= EXERCISE =
Below is a listing with pictures in it. Copy it exactly without them.

= GIVEN DATA =
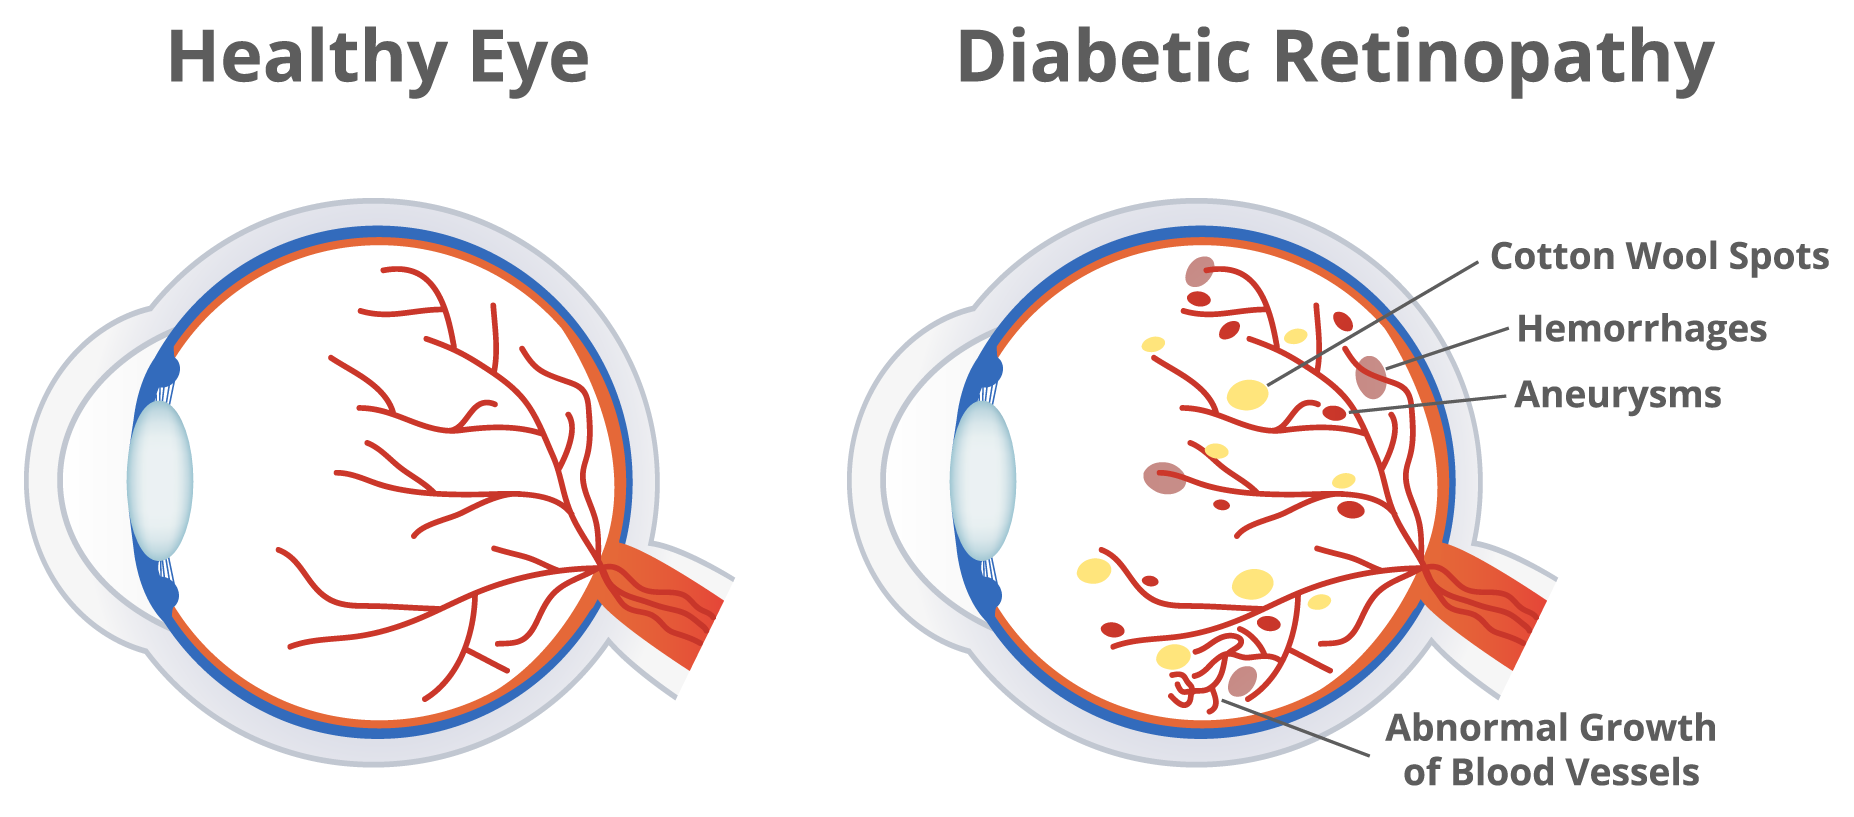 Medical illustration of healthy eye vs. eye with diabetic retinopathy
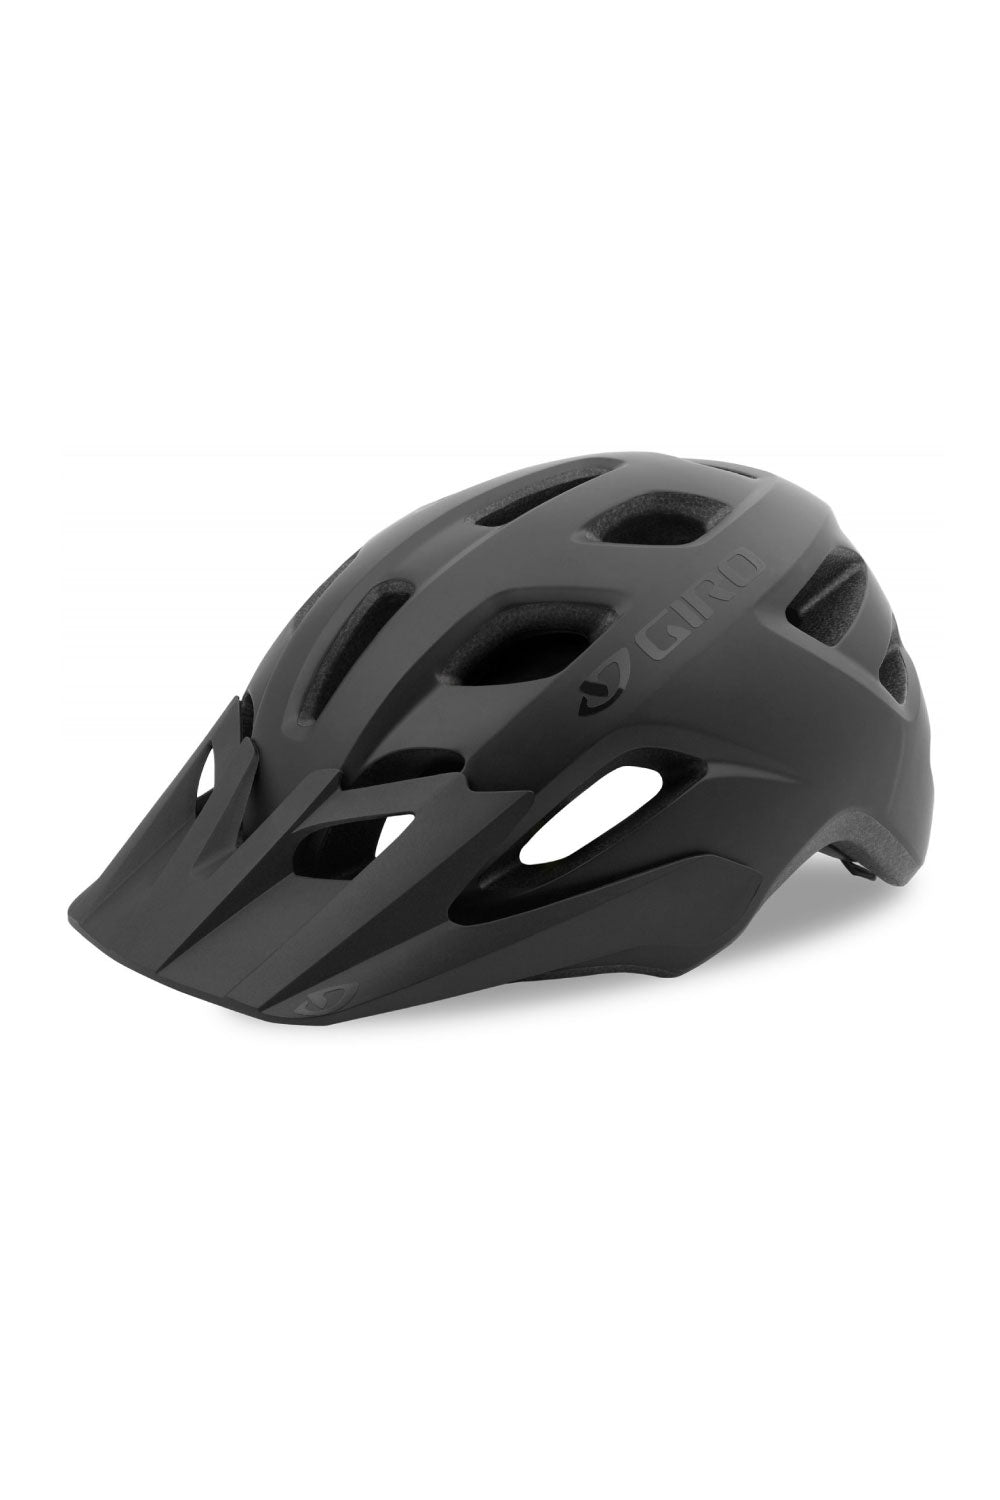 mountain bike helmets for adults
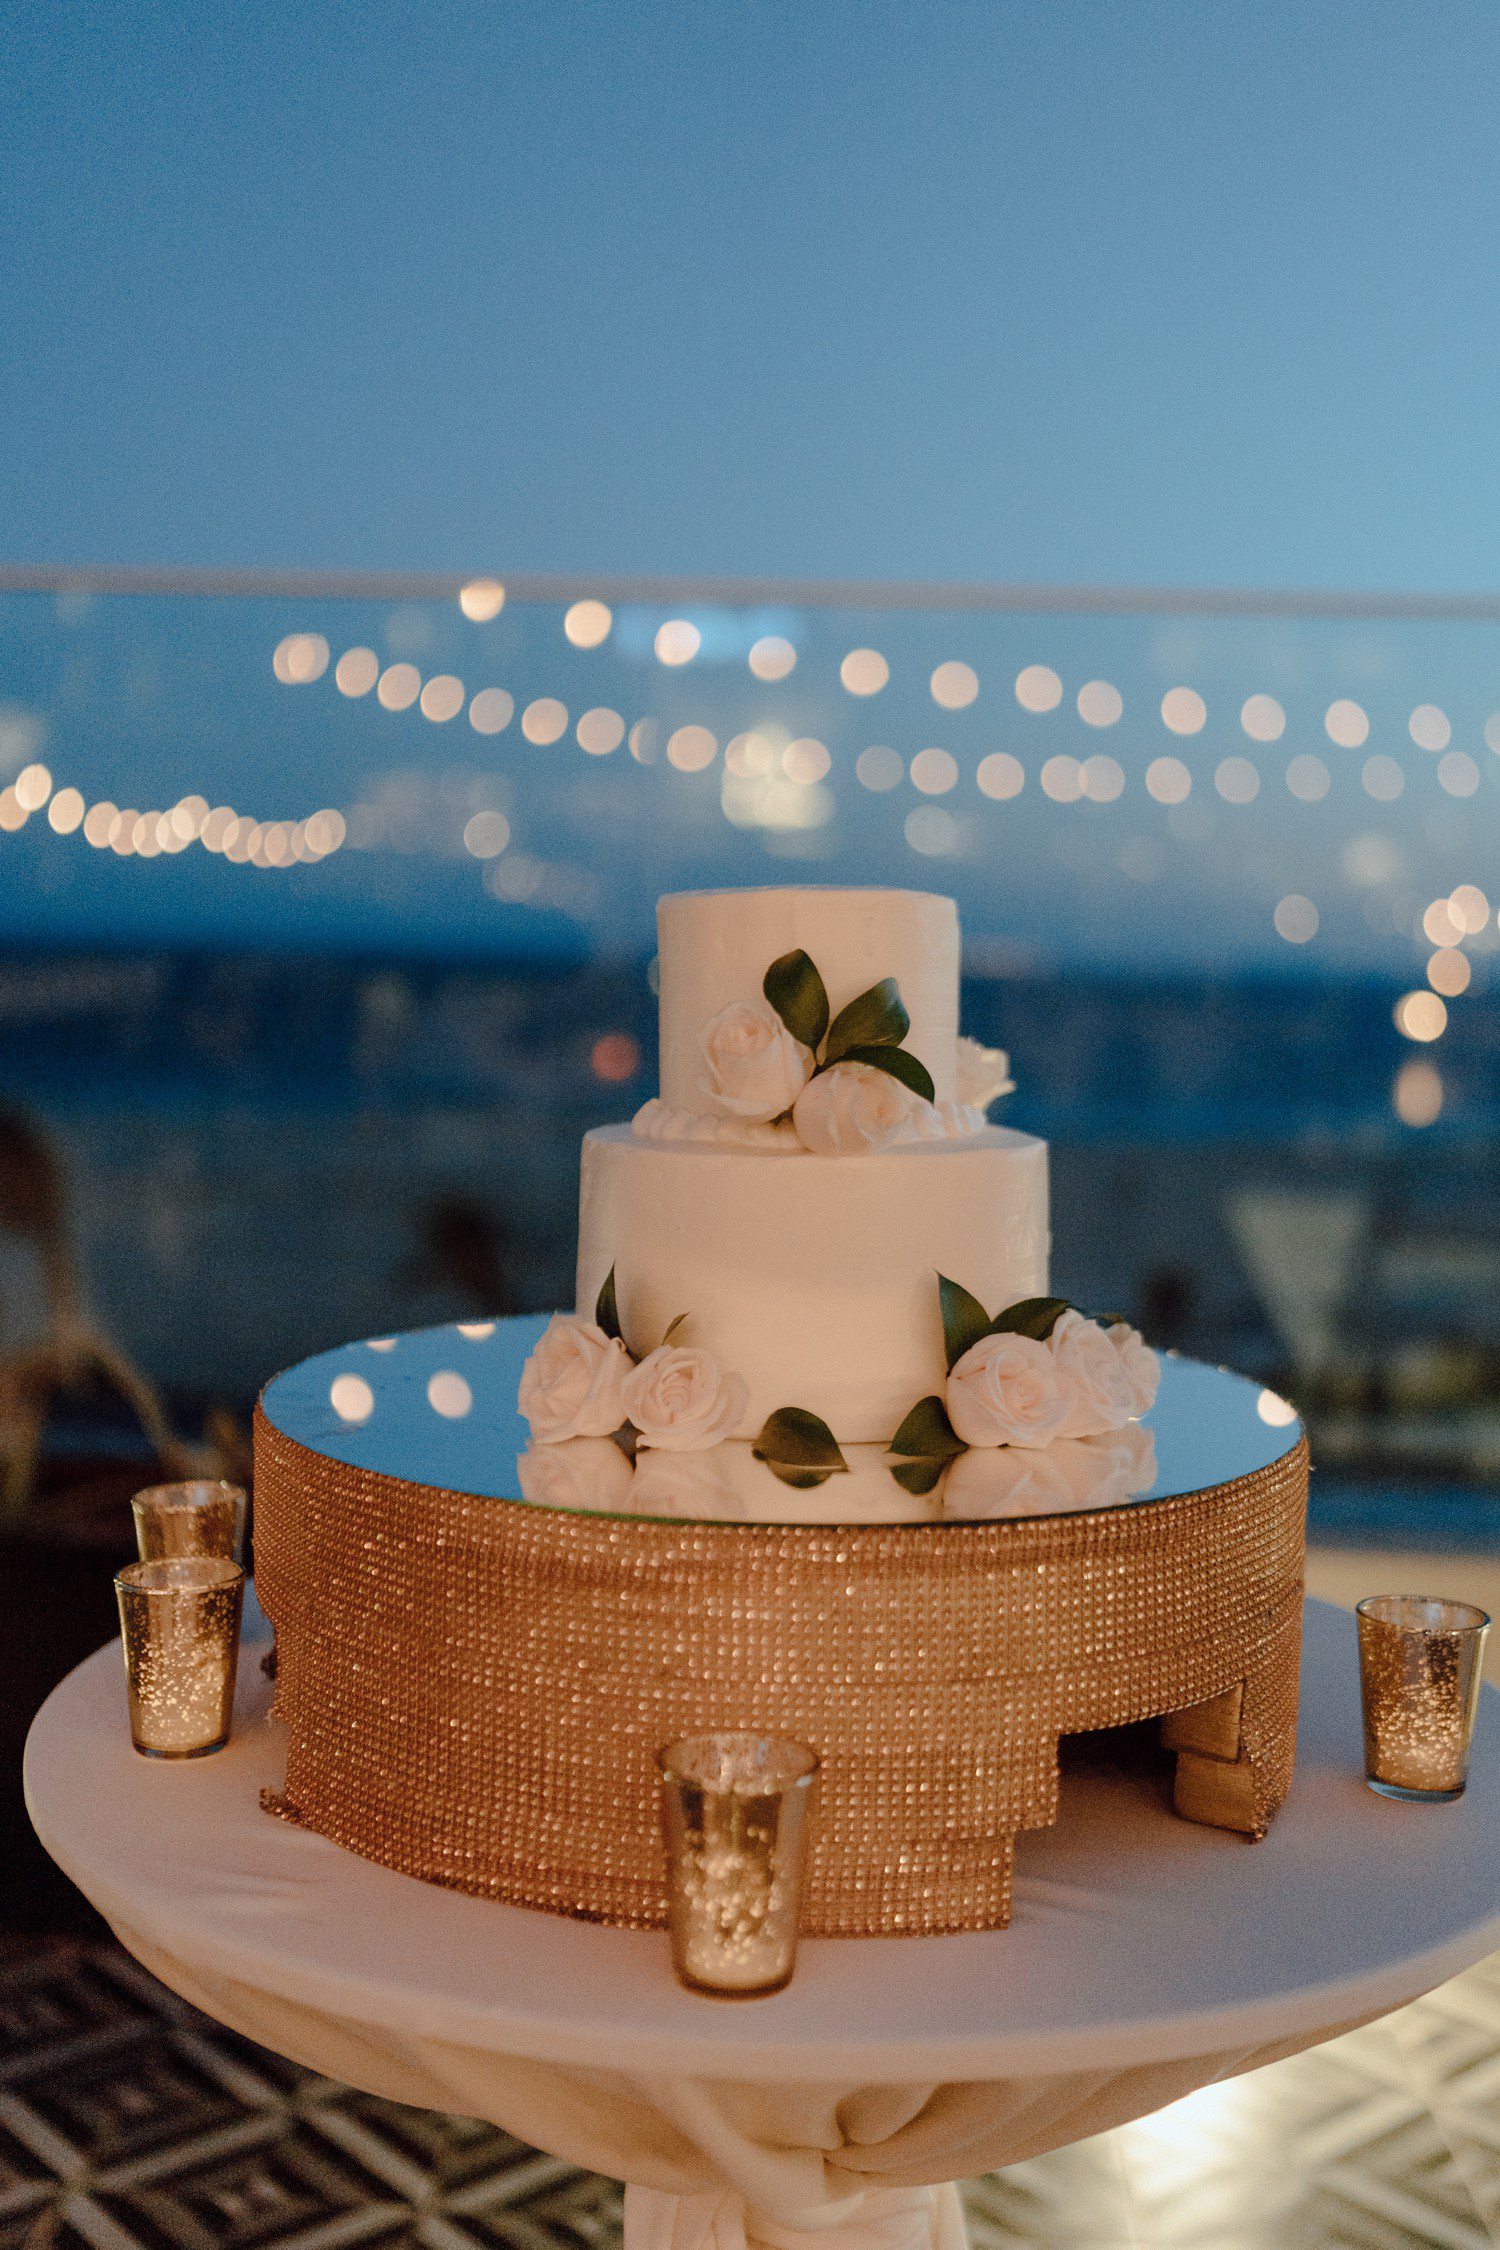 White wedding cake with decorative flowers. 
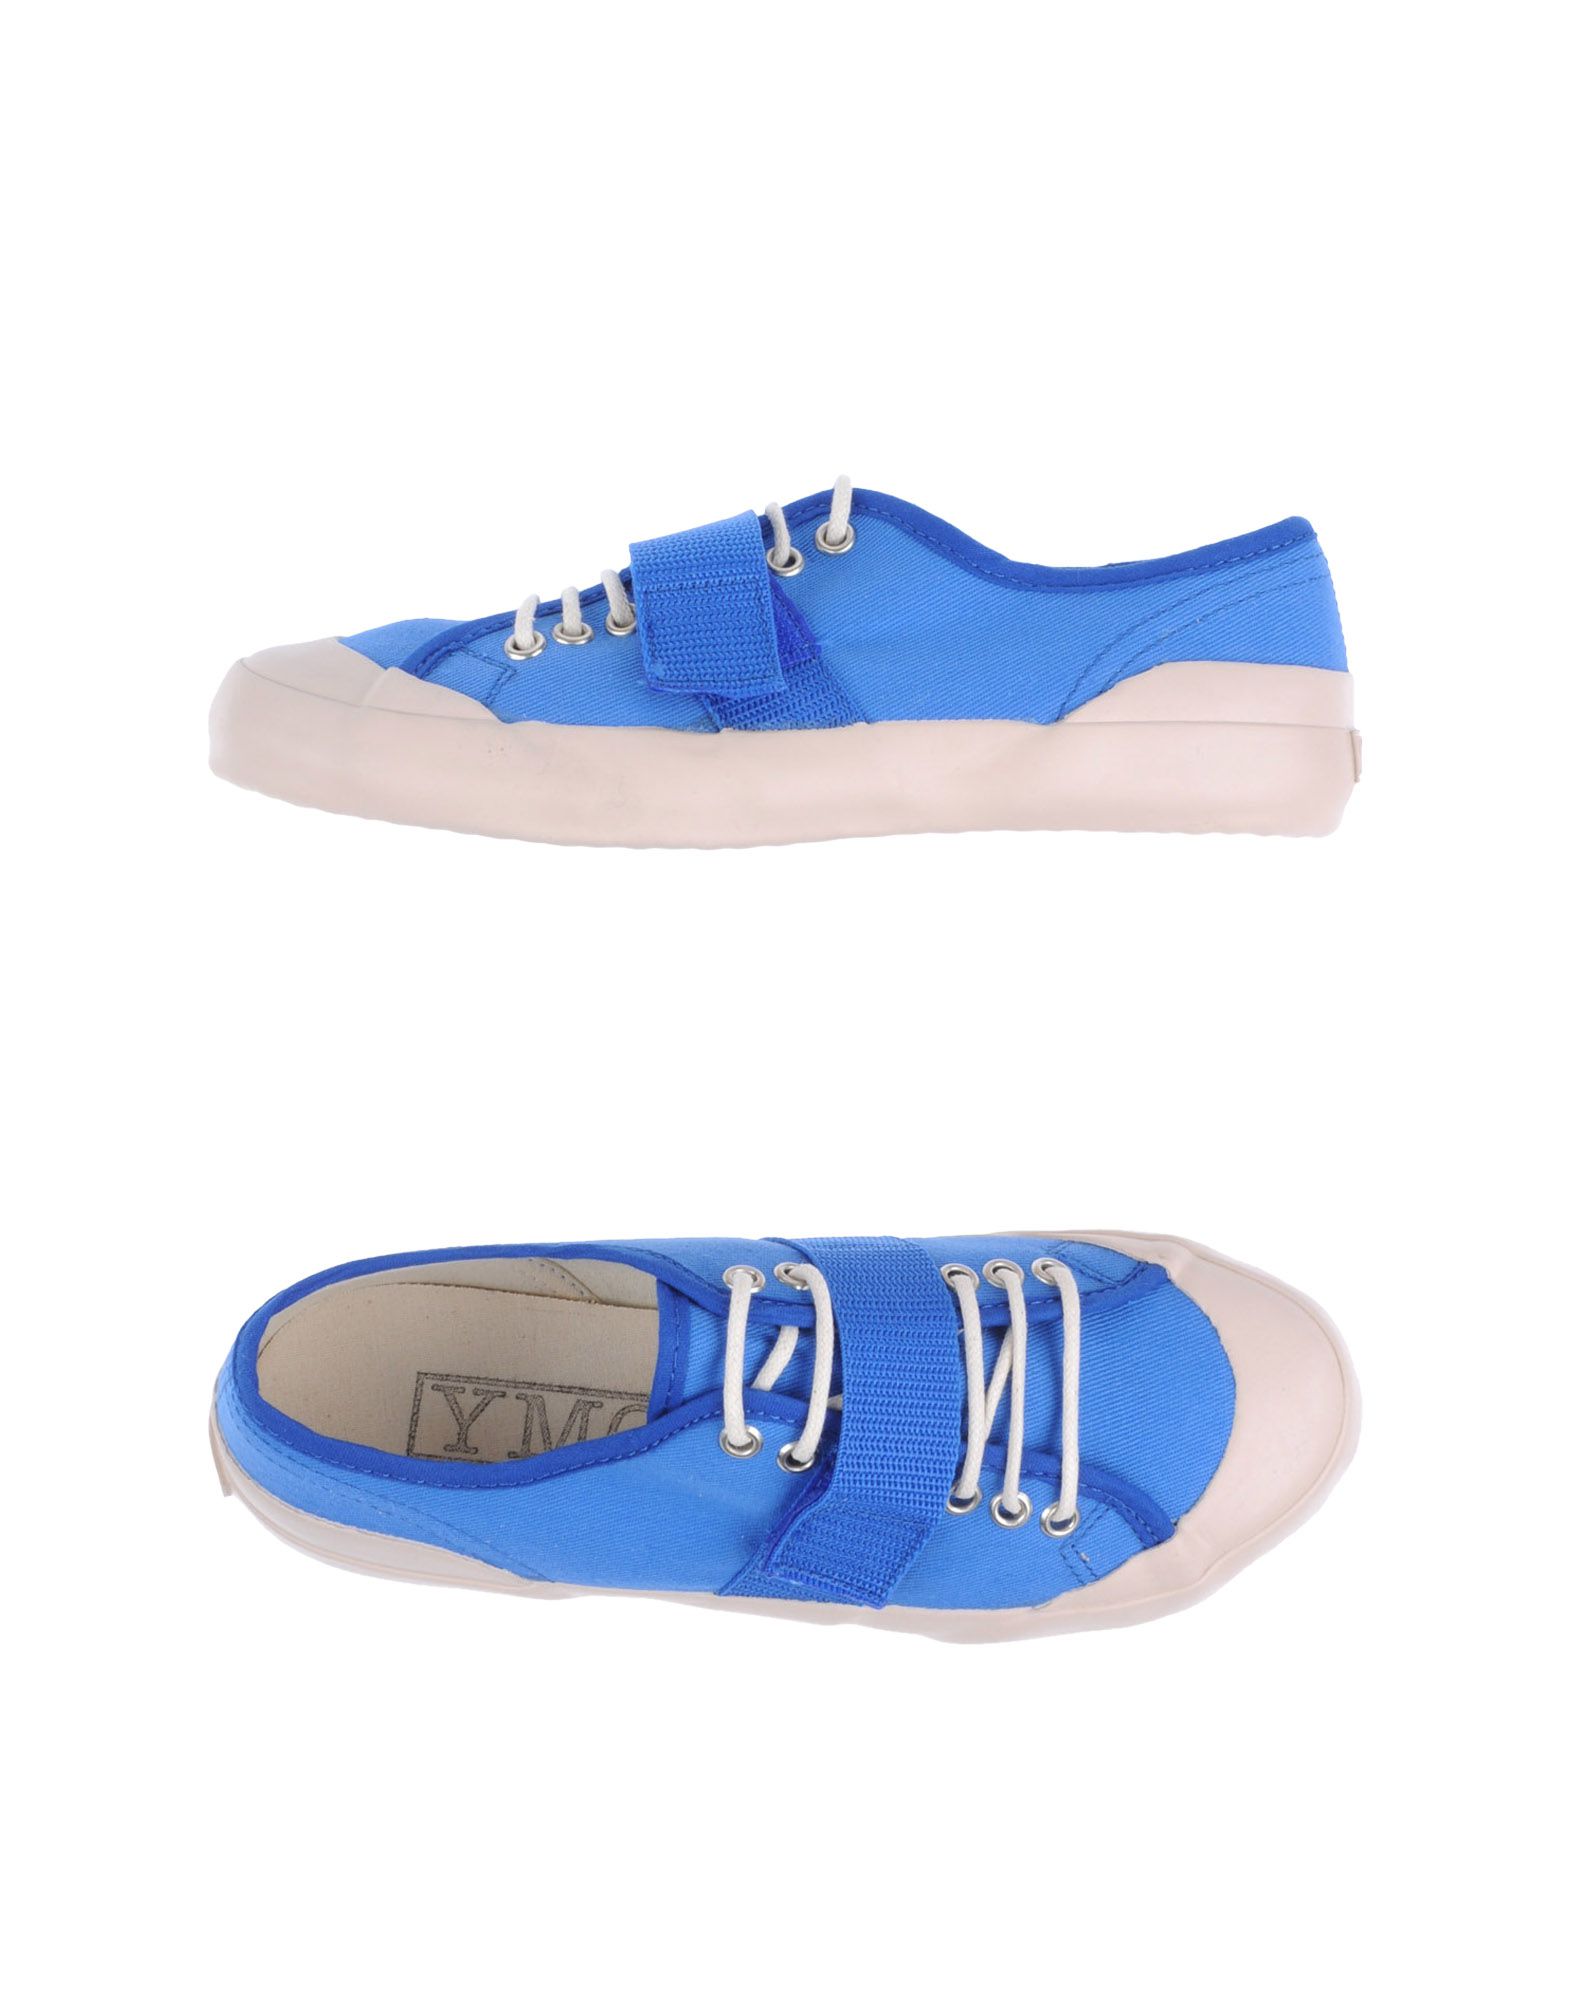 Foto Ymc You Must Create Sneakers Mujer Azul pastel foto 648163

= TASK RESULT =
 Medical illustration of healthy eye vs. eye with diabetic retinopathy
 mountain bike helmets for adults
 White wedding cake with decorative flowers. 
 Foto Ymc You Must Create Sneakers Mujer Azul pastel foto 648163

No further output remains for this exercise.